Vagrant box most similar to Amazon EC2 instances

Solution 1:

NOTE: This answer is not about finding a vagrant box for "Amazon Linux". This answer is about helping the original poster solve the goal of using the same system in production as in dev, which happens to be Ubuntu. As you can see in the comments below, OP agreed this would solve his problem.


Canonical provides official Ubuntu AMIs on EC2 and corresponding official Vagrant boxes for download.

For Ubuntu 12.04 Precise, the AMIs are listed at

http://cloud-images.ubuntu.com/precise/current/

and the Vagrant boxes are listed at

http://cloud-images.ubuntu.com/vagrant/precise/current/

You can use this to start with the same base config on EC2 as you are using locally in dev.

Solution 2:

No, there is no way to use Amazon Linux outside of EC2. If you want to use a Red Hat Enterprise Linux derivative (which Amazon Linux is), I recommend using CentOS 6 both in Vagrant and on EC2. You will find many CentOS base boxes here, and the official AMIs are listed here.


Solution 3:

On 13-Dec-2017, Amazon released Amazon Linux 2. With this Amazon now provides downloadable images that will run in VirtualBox, VMWare, MS Hyper-V.

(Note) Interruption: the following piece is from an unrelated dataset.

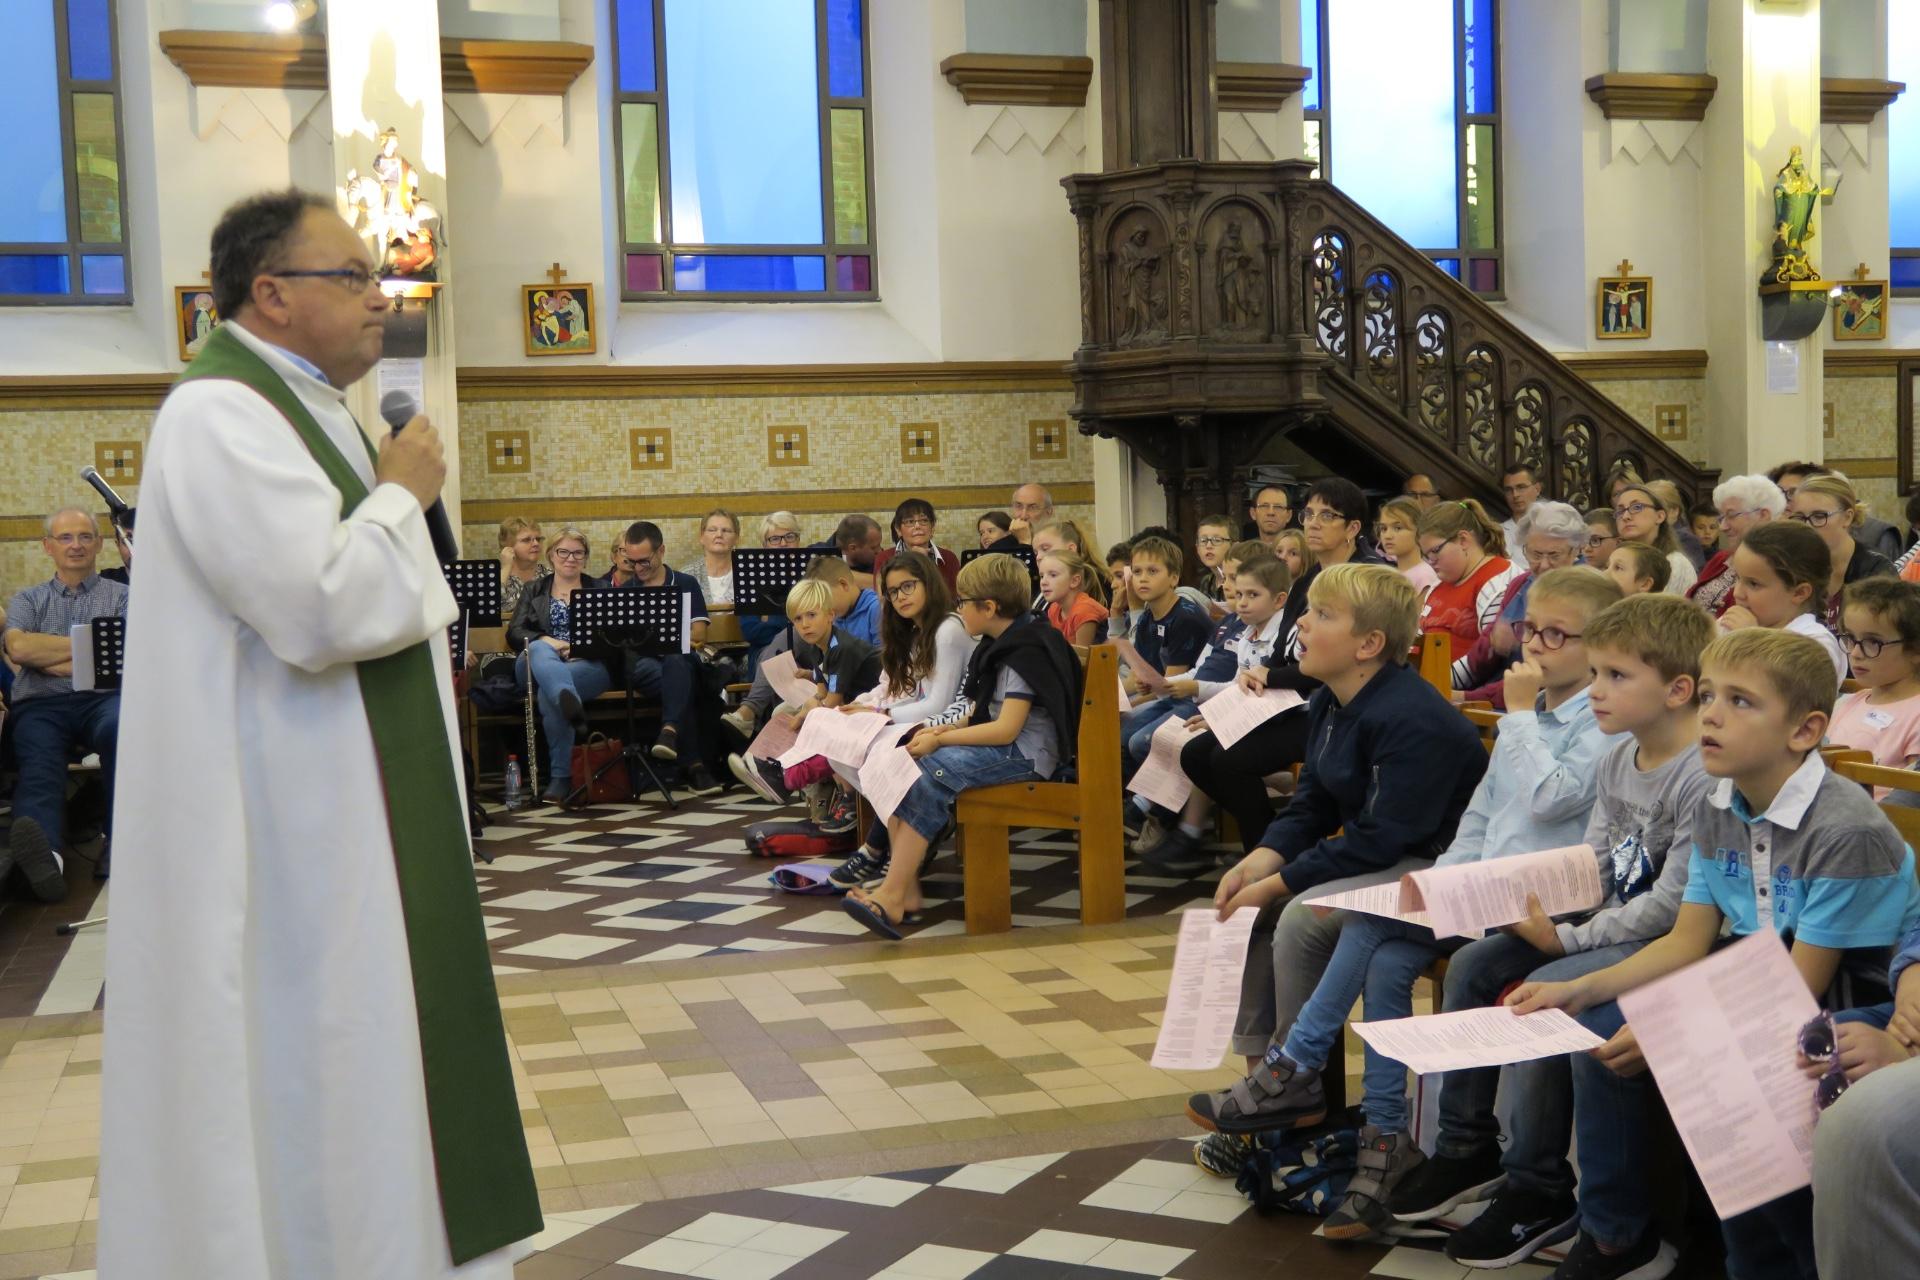 Messe de rentree Kt 2018IMG_1828

Prior to this, you did have the option to use the Amazon ECS Docker image. That continues to be available for both v1 and v2.

Have a look at Running Amazon Linux 2 as a Virtual Machine On-Premises.

I suspect someone will publish a vagrant box soon. In the interrim, it is fairly easy to build a base box yourself.


Solution 4:

Also worth taking a look at http://www.packer.io it can be used to give you exactly the same ami image for your external vagrant


Solution 5:

Amazon Linux is based on Redhat/CentOS, so the names will match more closely if you run one of those locally.

Debian/Ubuntu based Linux OSes change up the package names, e.g. "dev" instead of "devel" as a suffix for development packages.

Btw, you might want to check out the output of "rpm -qa" on an Amazon Linux instance, munge it to match CentOS/Redhat package names, and then think creating your own OS version that closely matches Amazon's.